Antonio, asombrado y dolorido imaginándose el monte después del paso del vehículo y de las
dos arrasando el monte les dijo que todas no se comían y que algunas eras incluso muy
venenosas. Que deberían haber ido acompañadas por alguien que supiera de setas y que hay
que coger sólo las que se necesitan pues las setas son importantes para el bosque.

De nuevo la mujer se disculpó y pidió perdón. La respuesta de Antonio fue la misma que en la
ocasión anterior: -Sí, ya, pero el daño está hecho-.

Antonio y las dos forasteras se hicieron buena amistad a pesar de las barbaridades. Un día el
buen hombre las invitó a comer. Preparó un arroz con los “burgaos” que había ido a recoger él
mismo a la Caleta.

-¿qué son?- se interesó la niña

-Son caracoles, del mar- dijo Antonio.

-¿de dónde los ha traído?- quiso saber también la madre.

-de Cádiz, de la playa de la Caleta- respondió risueño Antonio.

Allá que se fueron las dos y cuando regresaron, le contaron a Antonio que no había.

Antonio les contó que ya quedaban muy pocos, que la gente los había cogido los quisieran
para comerlos o no y eso había hecho que apenas quedaran. Pero que de todas formas había
que saber buscar. El daño ya se había hecho, y había sido grande.
¿Y porqué ya no son iguales las cosas?- quiso saber la pequeña.

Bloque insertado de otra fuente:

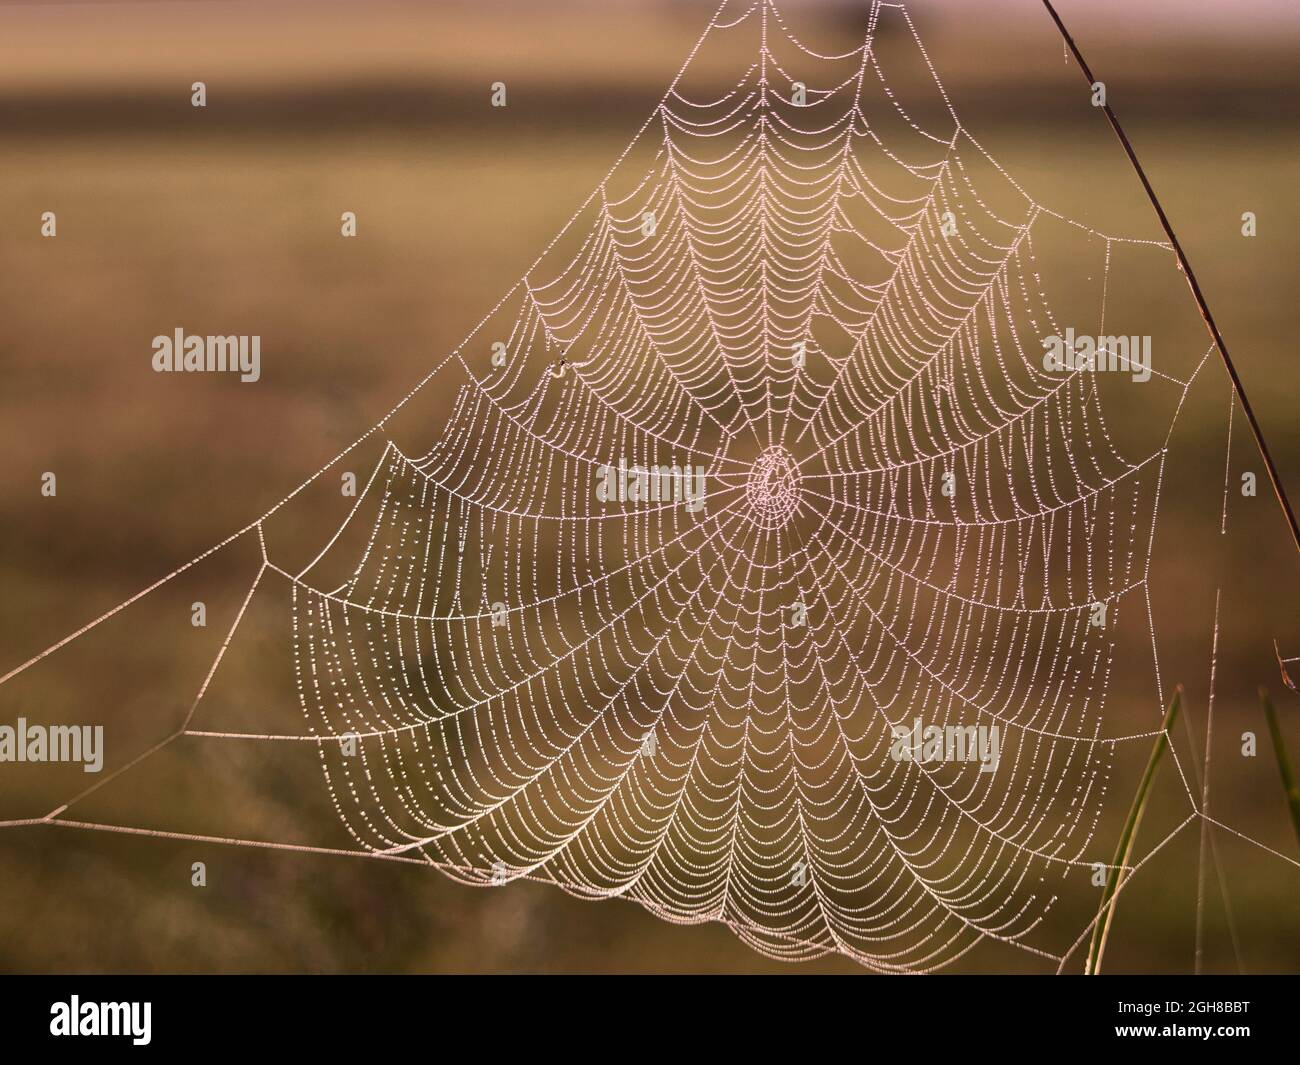 Close up of a spiders web in a field, suspended between tall grasses. Dew drops glisten in the morning sun. Stock Photo
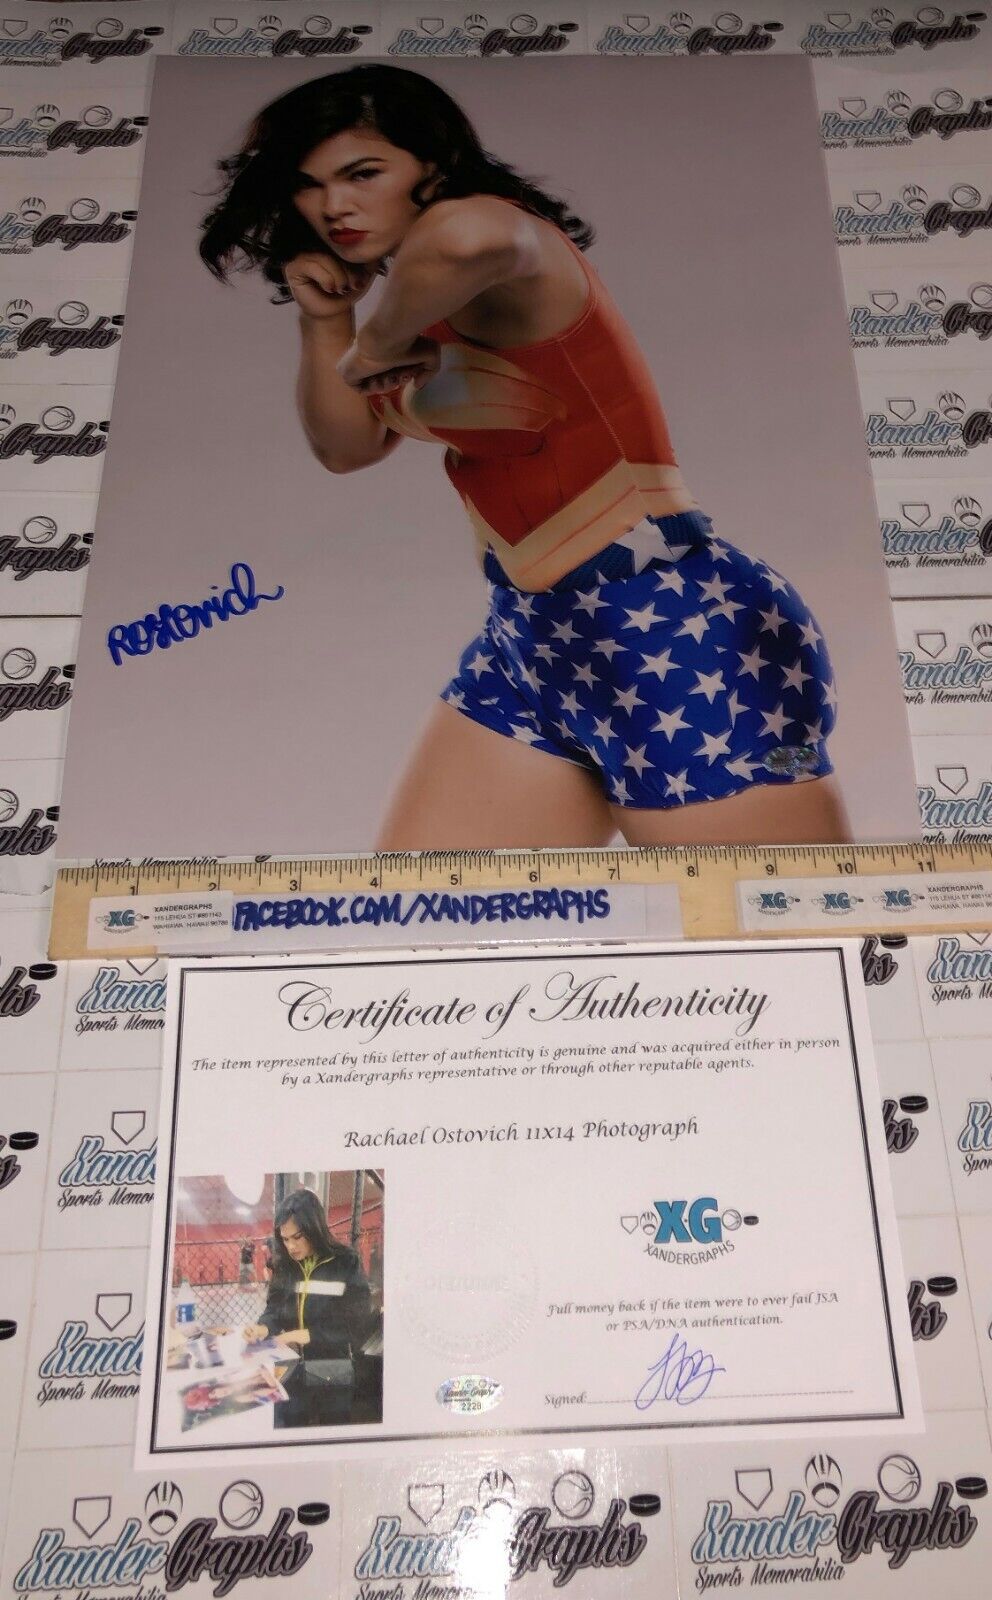 RACHAEL OSTOVICH SIGNED AUTOGRAPHED 11X14 Photo Poster paintingGRAPH MMA UFC-EXACT PROOF COA

Antonio les contó que todo había cambiado muchísimo. Que ya nadie iba una vez por semana
al pantano de Bornos para darse “el baño” como él hacía con sus cinco hermanos mientras su
madre lavaba la ropa en la orilla con jabón de ceniza y la extendía sobre la hierba para que se
secase mientras los chiquillos jugaban en el agua. También les contó que ya nadie buscaba
cristalitos de colores para jugar a los tesoros escondidos como él hacía de chiquillo.

-¿y a qué se debe?- quiso saber la mujer.

-Pues a que no hay de todo para todos- dijo sabiamente Antonio y continuó: -ya nadie vive con
la naturaleza. La gente la observa, la consume, la exprime pero nadie vive con la
responsabilidad de ser parte de ese medio ambiente-.

Madre e hija regresaron a su tierra y dicen que contaron, que escribieron pero sobre todo,
que vivieron con el recuerdo del viejo Antonio y con más responsabilidad.